### Task
Print the records below exactly, from the line containing "owoców --ar 1:1" down to the line containing "Mutantes AO VIVO LONDRES 1 CD", both lines included, and omit every picture.

### Material for this exercise
=-=-=-=-=

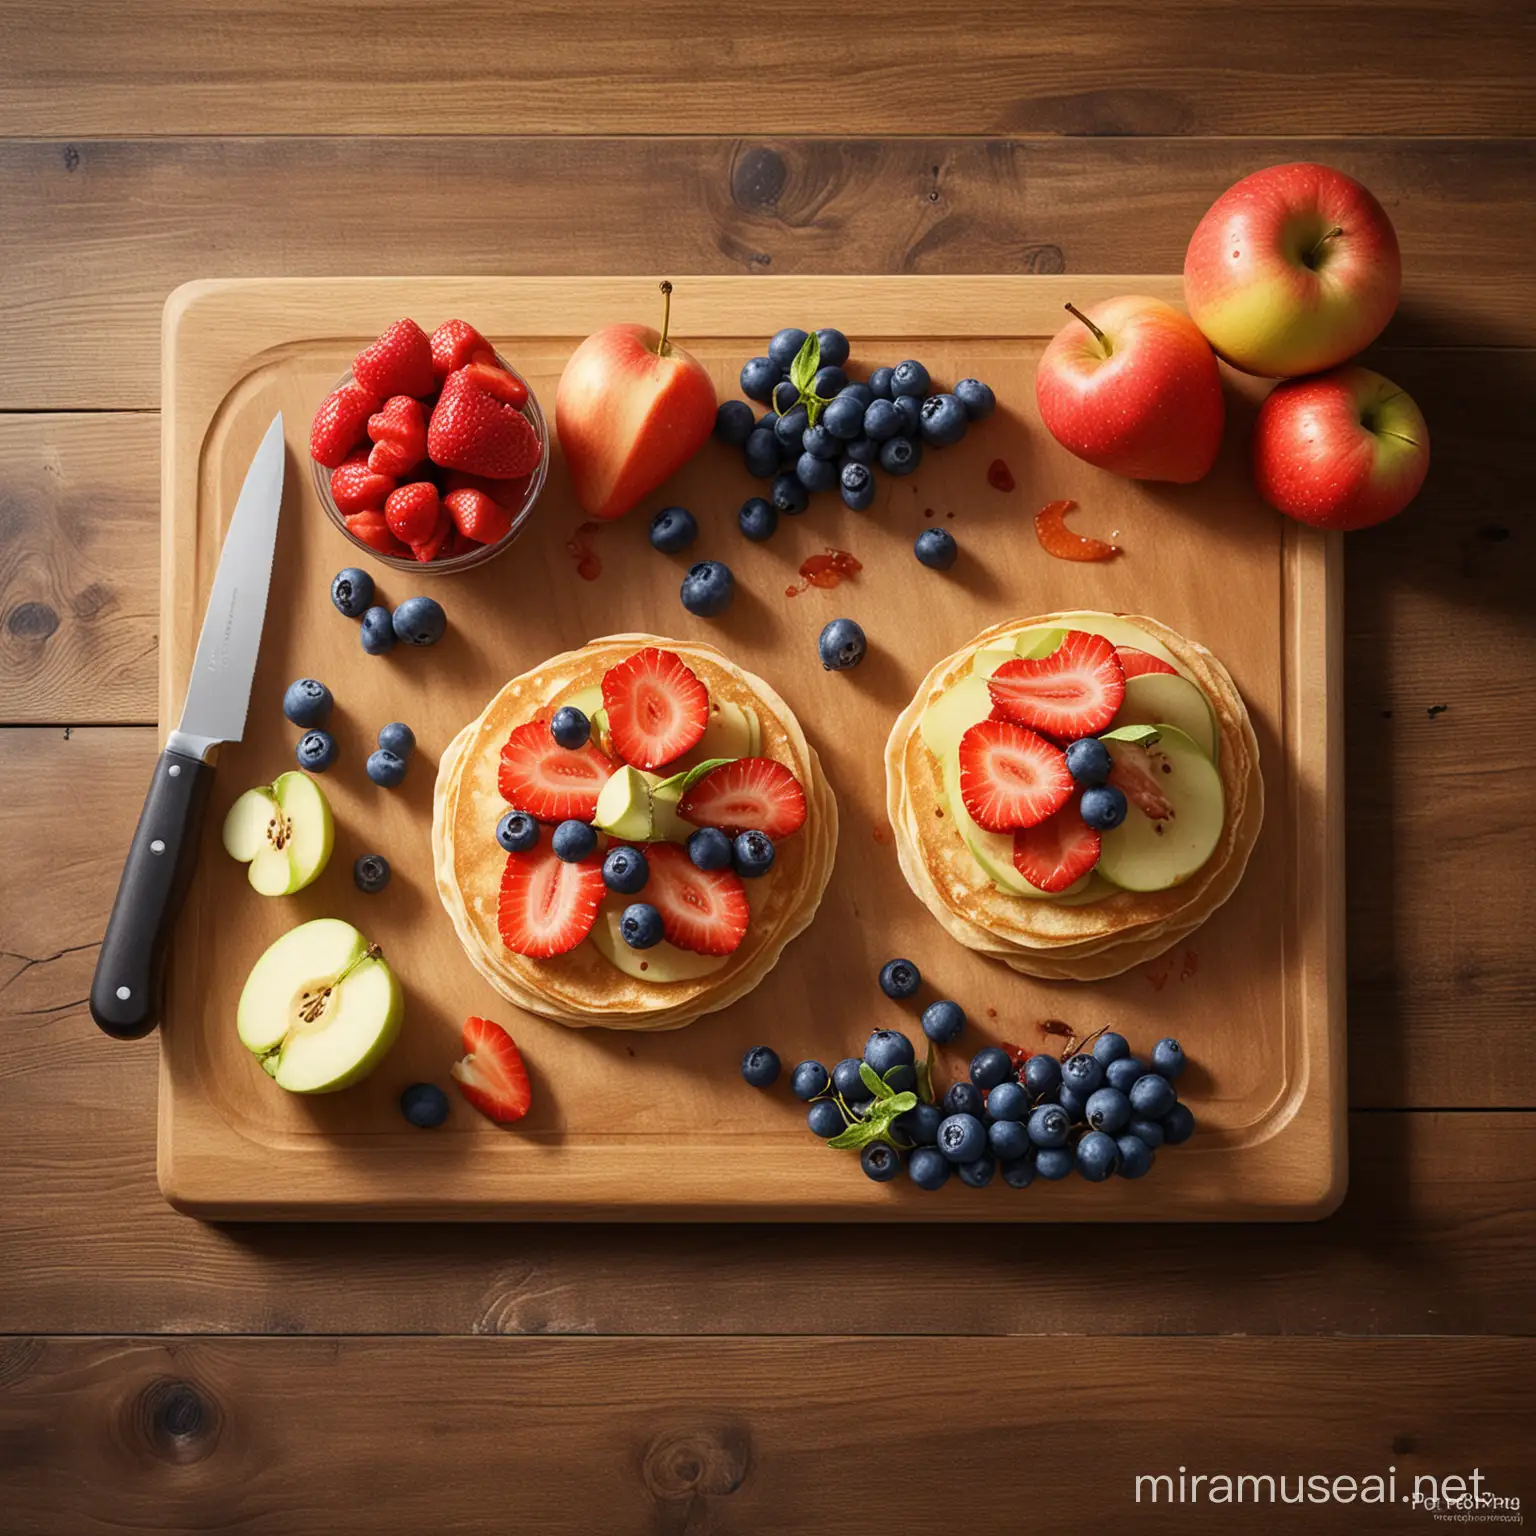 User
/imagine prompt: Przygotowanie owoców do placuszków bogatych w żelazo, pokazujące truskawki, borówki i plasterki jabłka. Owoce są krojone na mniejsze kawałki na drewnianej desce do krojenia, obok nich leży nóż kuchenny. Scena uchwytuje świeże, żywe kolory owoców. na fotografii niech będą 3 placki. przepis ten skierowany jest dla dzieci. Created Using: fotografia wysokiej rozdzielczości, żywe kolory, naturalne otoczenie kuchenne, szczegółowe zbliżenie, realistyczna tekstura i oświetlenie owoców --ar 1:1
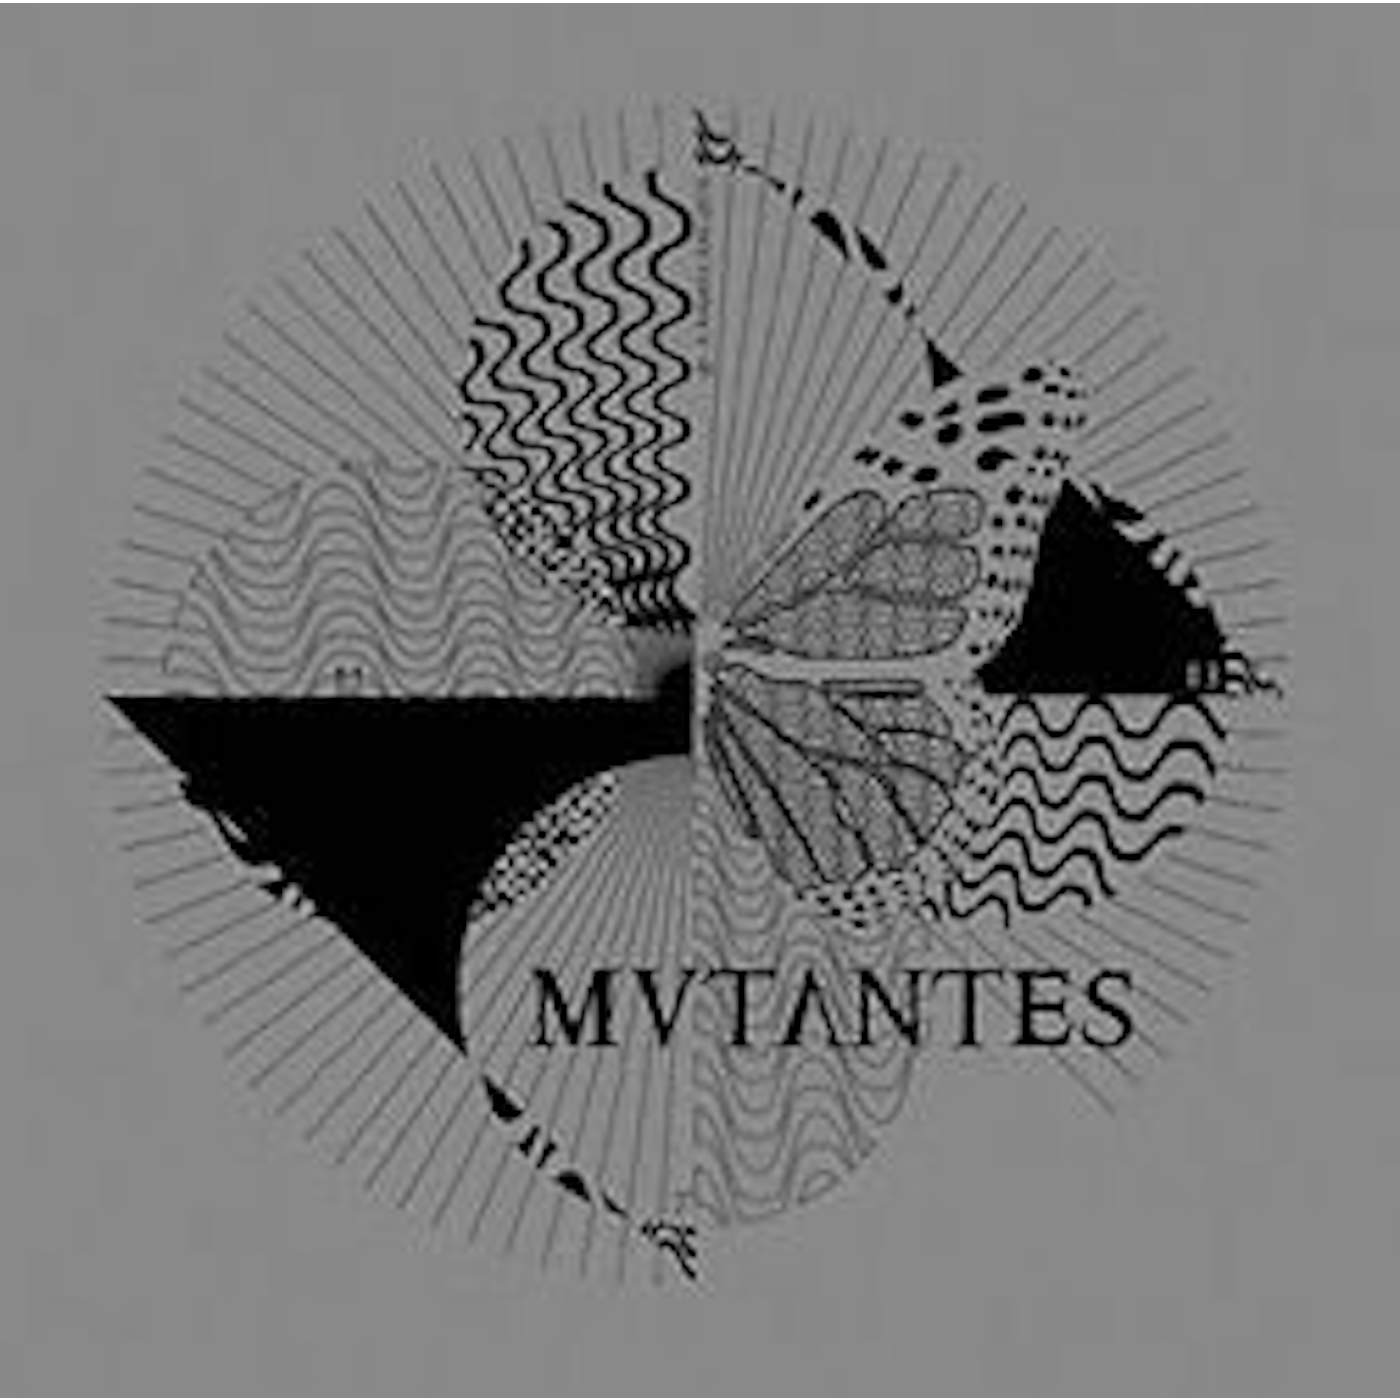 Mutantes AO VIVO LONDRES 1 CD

=-=-=-=-=

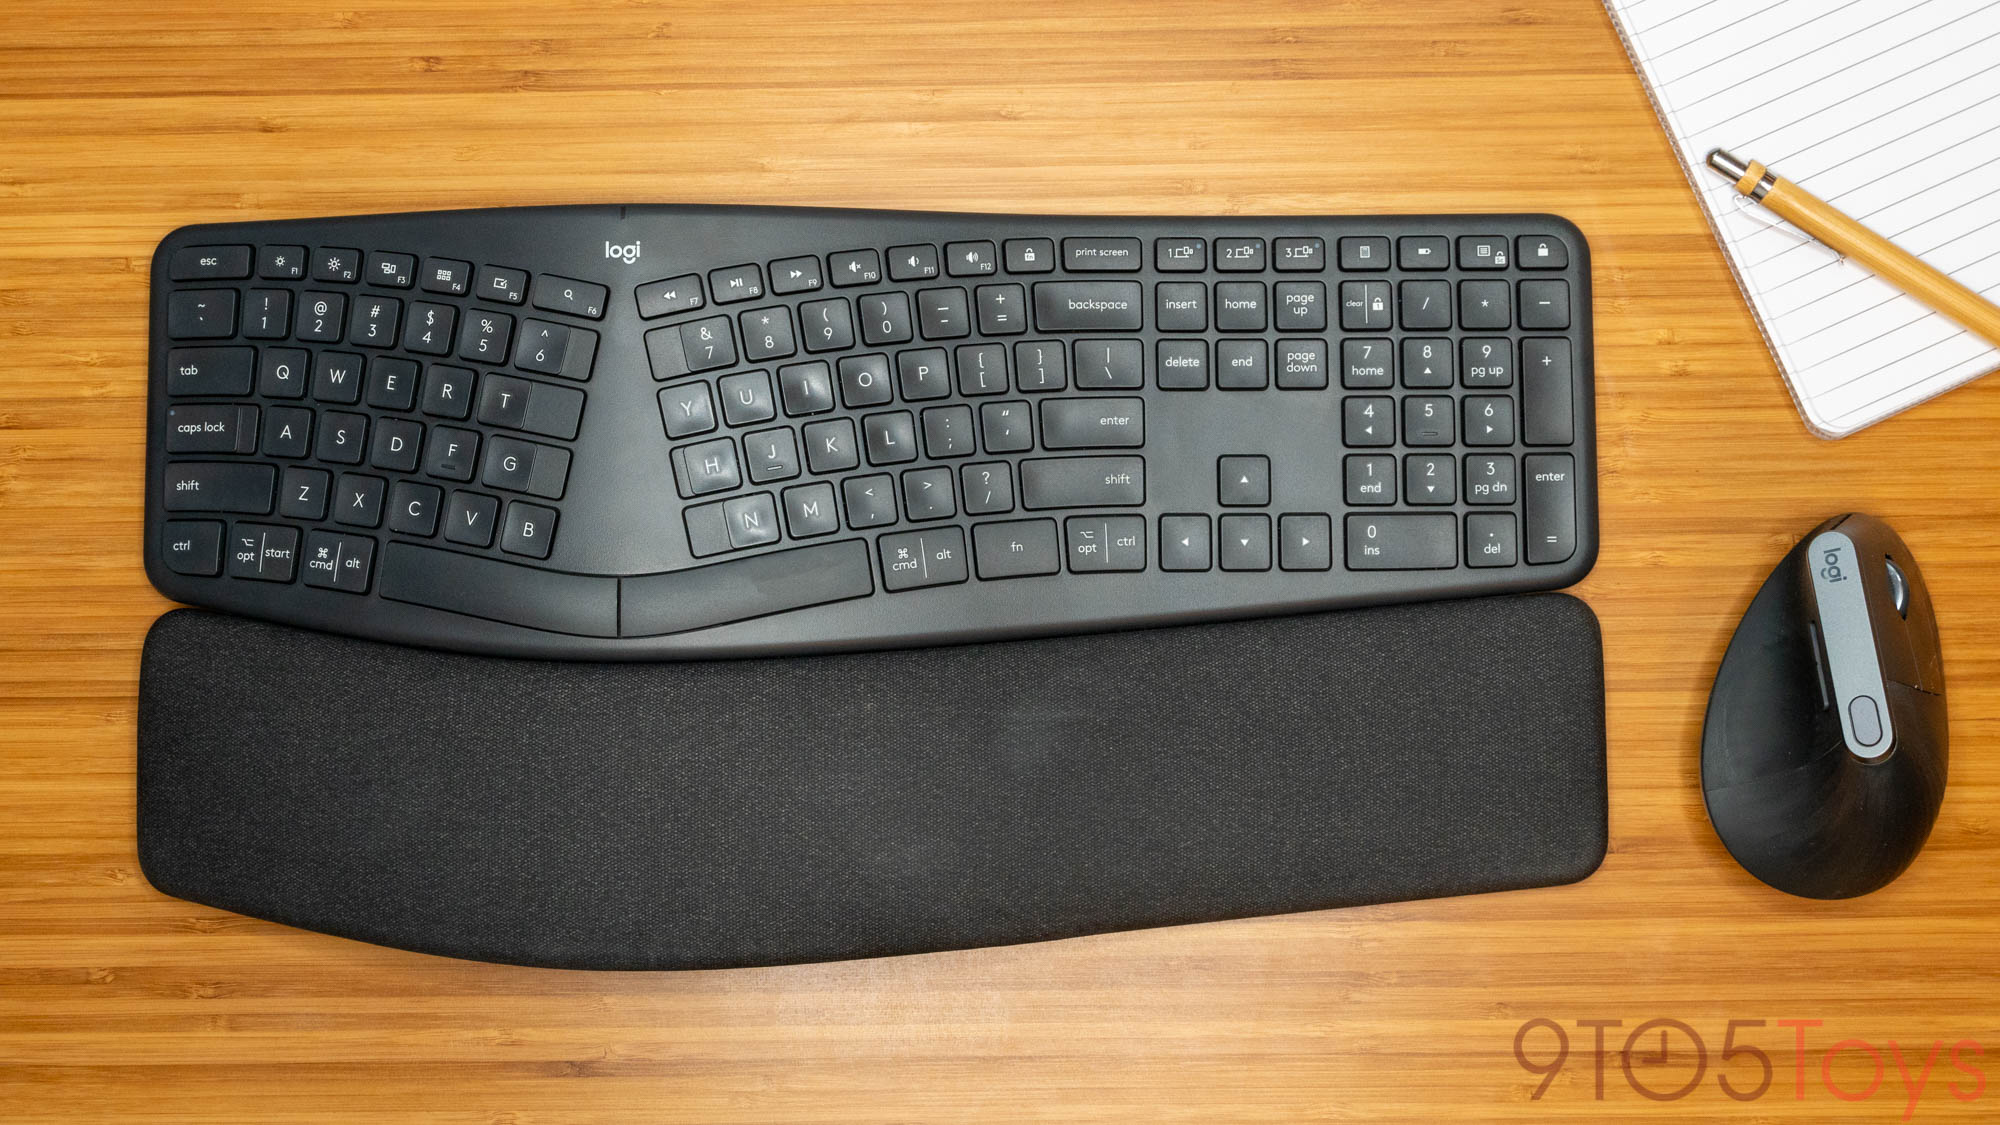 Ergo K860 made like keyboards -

=-=-=-=-=

### Problem solution
/imagine prompt: Przygotowanie owoców do placuszków bogatych w żelazo, pokazujące truskawki, borówki i plasterki jabłka. Owoce są krojone na mniejsze kawałki na drewnianej desce do krojenia, obok nich leży nóż kuchenny. Scena uchwytuje świeże, żywe kolory owoców. na fotografii niech będą 3 placki. przepis ten skierowany jest dla dzieci. Created Using: fotografia wysokiej rozdzielczości, żywe kolory, naturalne otoczenie kuchenne, szczegółowe zbliżenie, realistyczna tekstura i oświetlenie owoców --ar 1:1
 Mutantes AO VIVO LONDRES 1 CD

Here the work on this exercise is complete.